Federal Reserve Chair Kevin Warsh testified before the House Financial Services Committee on Tuesday, July 14, 2026, to deliver the Fed’s semi-annual monetary-policy report [1].

The testimony comes as the U.S. economy continues to grapple with price volatility. Warsh's appearance highlights the central bank's struggle to stabilize the cost of living amid shifting energy prices and long-term inflationary pressures.

Warsh focused on the persistence of rising prices during the hearing in Washington, D.C. [2]. He said that inflation has been running above the Fed's 2% target for more than five years [3]. This trend has complicated the central bank's efforts to maintain price stability while supporting economic growth.

Recent data underscores the challenge.
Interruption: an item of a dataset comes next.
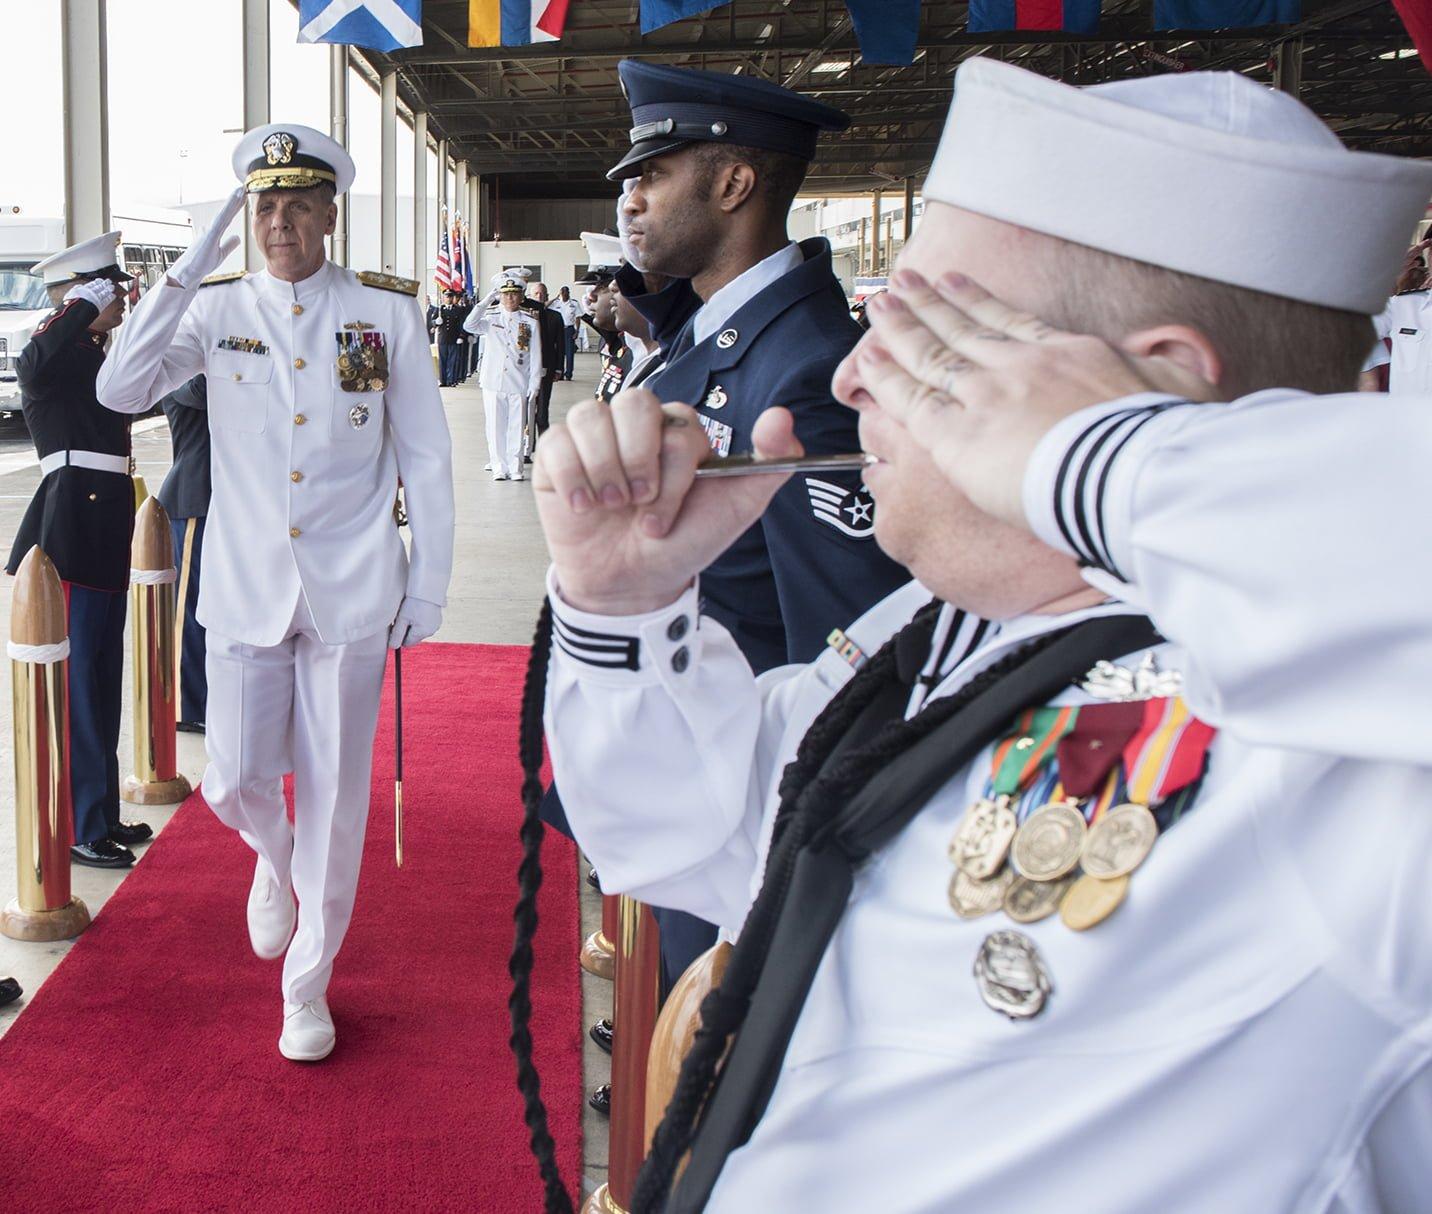 USPACOM Change of Command

The Consumer Price Index annual rate stood at 3.5 percent in June 2026 [4]. Warsh used the committee session to emphasize that the Federal Reserve is prepared to take the necessary steps to bring that figure down to the target level.

"The Fed is committed to ending the recent surge in inflation," Warsh said [5].

Beyond the general inflation rate, the Chair discussed specific risks to the economy, including the volatility of energy prices. These factors often create unpredictable swings in the Consumer Price Index, making it difficult for the Fed to calibrate interest rate adjustments with precision.

Warsh said that the central bank would remain aggressive in its pursuit of the 2% target to prevent long-term economic damage. He signaled that the Fed would not pivot to a more lenient policy until the data showed a sustainable decline in prices.

"We will not accept persistently elevated inflation," Warsh said [6].

The Fed is committed to ending the recent surge in inflation.

The Fed's admission that inflation has exceeded its target for over five years suggests a systemic failure to anchor price expectations. By emphasizing a refusal to accept 'persistently elevated' inflation, Warsh is signaling to markets that the Federal Reserve may keep interest rates higher for longer, prioritizing the 2% target over short-term economic growth to avoid a permanent shift in the cost of living.